JAKARTA, KOMPAS.TV - Kementerian Pendidikan dan Kebudayaan telah menetapkan tahun ajaran baru 2020/2021 akan tetap dimulai pada tanggal 13 Juli 2020.

Hal tersebut ditandai dengan adanya penerimaan peserta didik baru tahun 2020.

Namun keputusan Kemdikbud ini direspons Ikatan Dokter Anak Indonesia (IDAI) sebagai kebijakan yang kurang tepat.

Menurut IDAI, skema membuka kembali sekolah paling cepat bila dilakukan pada bulan desember 2020 dengan memperbanyak tes PCR di kalangan anak-anak.

Hal senada juga disampaikan Menko PMK, Muhadjir Effendy.

Menurut Muhadjir, saat ini pemerintah masih menggodok skenario pembukaan kembali sekolah, dengan mempertimbangkan resiko buruk yang akan dihadapi anak-anak dengan pola belajar tatap muka.

Wacana pembukaan kembali sekolah juga menimbulkan dilematis pada orangtua. Para orangtua umumnya khawatir akan ketidakmampuan anak-anak mereka menerapkan disiplin protokol kesehatan. 

Selain IDAI dan KPAI yang meminta penundaan new normal pada lembaga pendidikan, MPR juga meminta pemerintah menaruh perhatian besar pada keselamatan anak-anak peserta didik, dari ancaman pandemi covid-19.   

Pengalaman pahit Korea Selatan yang meliburkan kembali 838 sekolahnya, setelah kasus virus corona di Seoul melonjak kembali harus menjadi pembelajaran.

Satuan Tugas covid-19 Ikatan Dokter Anak Indonesia (IDAI) Dokter Anggraini Alam menyebutkan kedisiplinan anak ini masih belum sematang orang dewasa. Sekolah juga isinya bukan hanya murid saja, namun ada guru, penjaga sekolah, petugas kebersihan dan masih banyak lagi.

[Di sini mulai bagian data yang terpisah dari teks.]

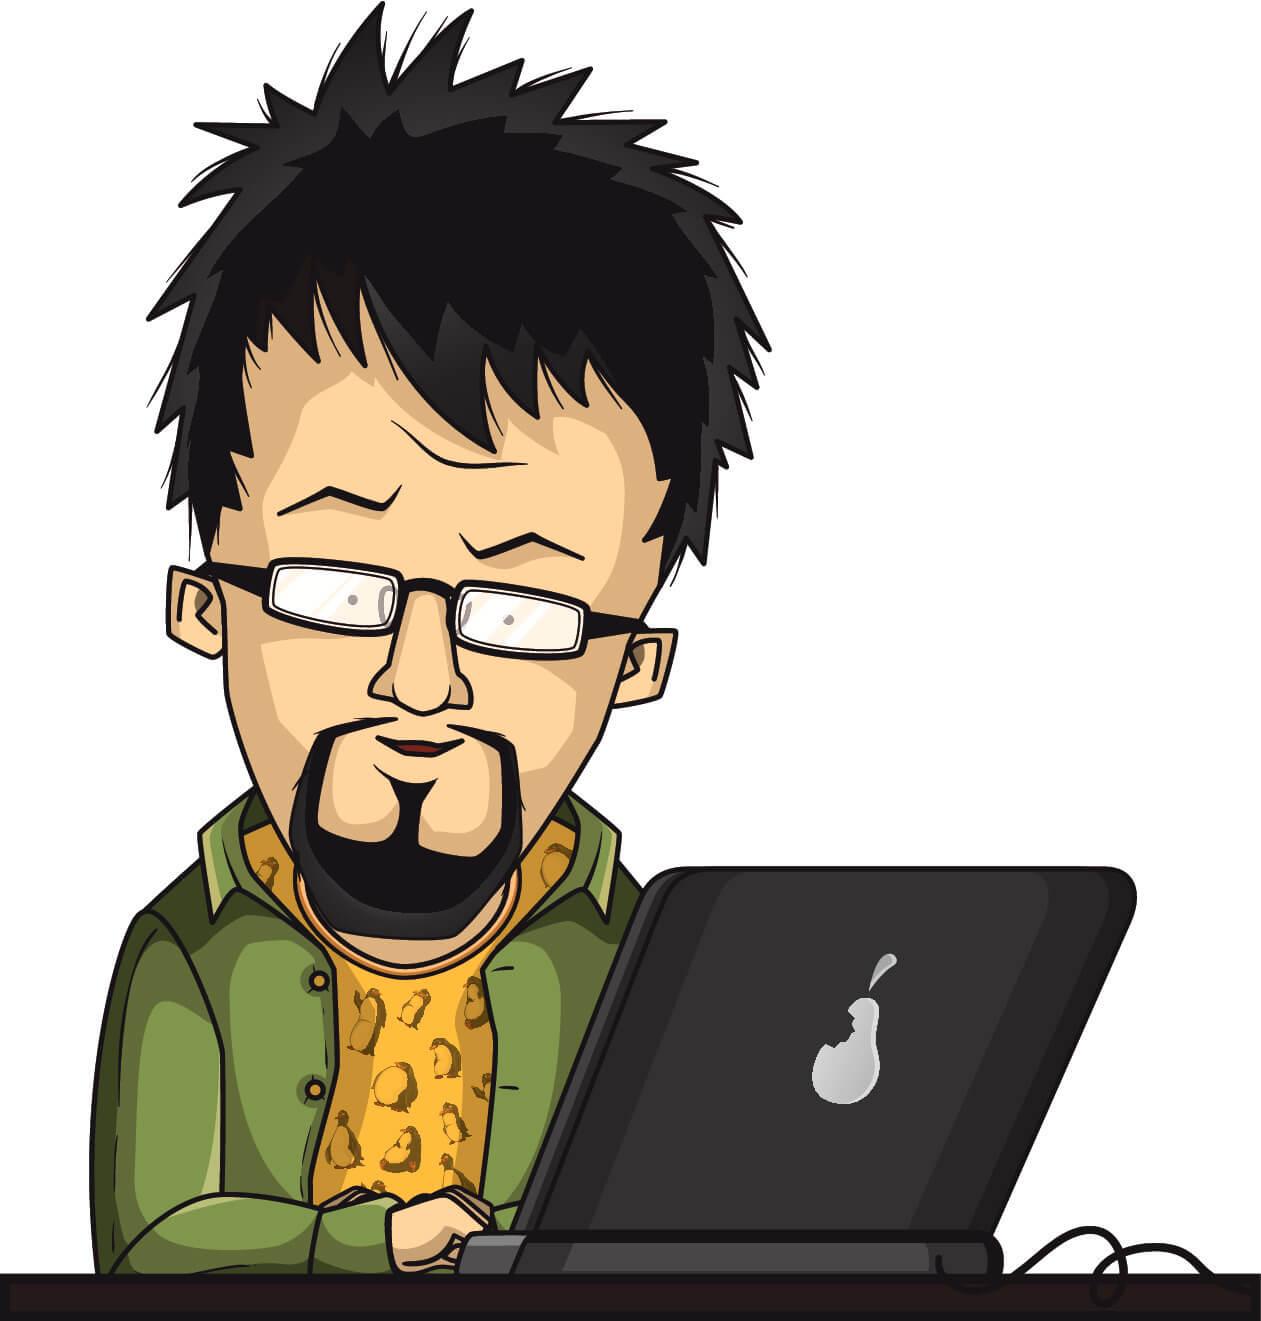 услуга веб-мастера по Договору на оказание услуг

Sekolah di tengah pandemi seperti ini juga akan membuat physical distancing menjadi terabaikan.

Ketua Lembaga Kajian Kebijakan Pendidikan Pengurus Besar Persatuan Guru Republik Indonesia, Ace Suryadi menyebutkan PGRI sudah melakukan sruvei secara online dan mayoritas meminta pembelajaran tatap muka saat tahun ajaran baru ditunda terlebih dahulu.